IIRR this stuff will fill, and seal up to a 15 thousands gap, that's just about a 64TH of an inch, plus it's got a max operating temp of 300F. So it should handle heat from the brakes and tires with no problem.
 
Would you apply this from any particular side of the wheel, or both sides?
 
It's so thin it flows like water, and wicks it's way into VERY small holes and cracks. I'd buy the 50ML bottle, it'll cost you around 35 bucks.
SNIP

Sounds good. The tire is already off the wheel. The inside of the wheel has little or no discernible areas where there might be a leak to seal, but I haven't gone over it with a magnifier yet.
 
I would think the best solution would be to remove the tire from the wheel.

So long as there's no pressure, leaving the tire mounted should work given the capillary action of the 290. Laying the mounted tire flat would seem to help that.
 
Lost another ones of these rims to the weld porosity issues. I believe it's one of the ones I replaced in 2019, so that really sucks, considering the other at least gave about a decade's of good service before things went south. It also seemed to be the most dramatic leak yet, starting suddenly and leaking down quickly.

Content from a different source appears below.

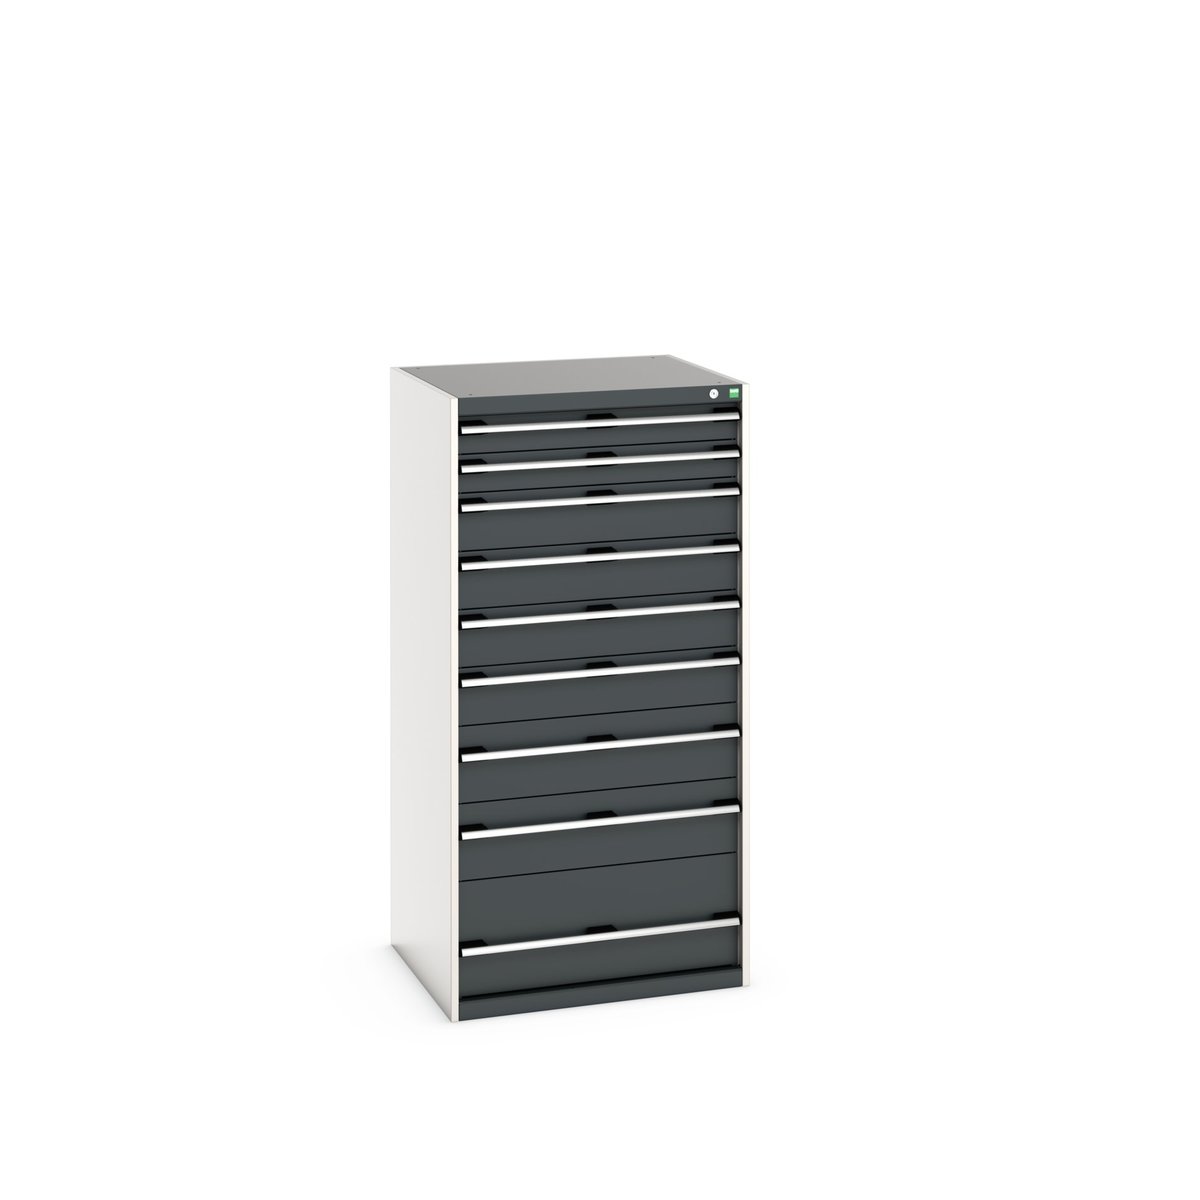 40028040. - cubio drawer cabinet

So off to buy another. Turns out the old part number, 42601-60361, has been superseded by 42601-60362. Hoping this update solves this irritating issue. Turns out the tag seems to indicate a 7 year old production date.
mns46F.jpg

If that's that the case, it's a little disappointing, as this wheel was sitting in a warehouse while Toyota was still selling me the original, problematic part#. Kind of irritating that Mr. T can't get a simple steel wheel right for so long, so hoping the new part# solves things.
 
Lost another ones of these rims to the weld porosity issues. I believe it's one of the ones I replaced in 2019, so that really sucks, considering the other at least gave about a decade's of good service before things went south. It also seemed to be the most dramatic leak yet, starting suddenly and leaking down quickly.

So off to buy another. Turns out the old part number, 42601-60361, has been superseded by 42601-60362. Hoping this update solves this irritating issue. Turns out the tag seems to indicate a 7 year old production date.
mns46F.jpg

If that's that the case, it's a little disappointing, as this wheel was sitting in a warehouse while Toyota was still selling me the original, problematic part#. Kind of irritating that Mr. T can't get a simple steel wheel right for so long, so hoping the new part# solves things.

It was manufactured on 12/15/2021. Less than a year old. Toyota does not keep things around for 7 years.
 
It was manufactured on 12/15/2021. Less than a year old. Toyota does not keep things around for 7 years.
Thanks, Beno, that's really good news. The updated part number is more reassuring, then. Hoping this one stays all non-leaky, forever.
 
That construction style of wheel is prone to leaking, even new ones. Just how it is. The build date and paint date should be on the wheel also.
 
I must be lucky. My set of 5 is fine after well over 20 years and at least 2 part number revisions.
 
I must be lucky. My set of 5 is fine after well over 20 years and at least 2 part number revisions.
You are. I can’t really comment much more on a public forum but I am just not surprised that some do leak.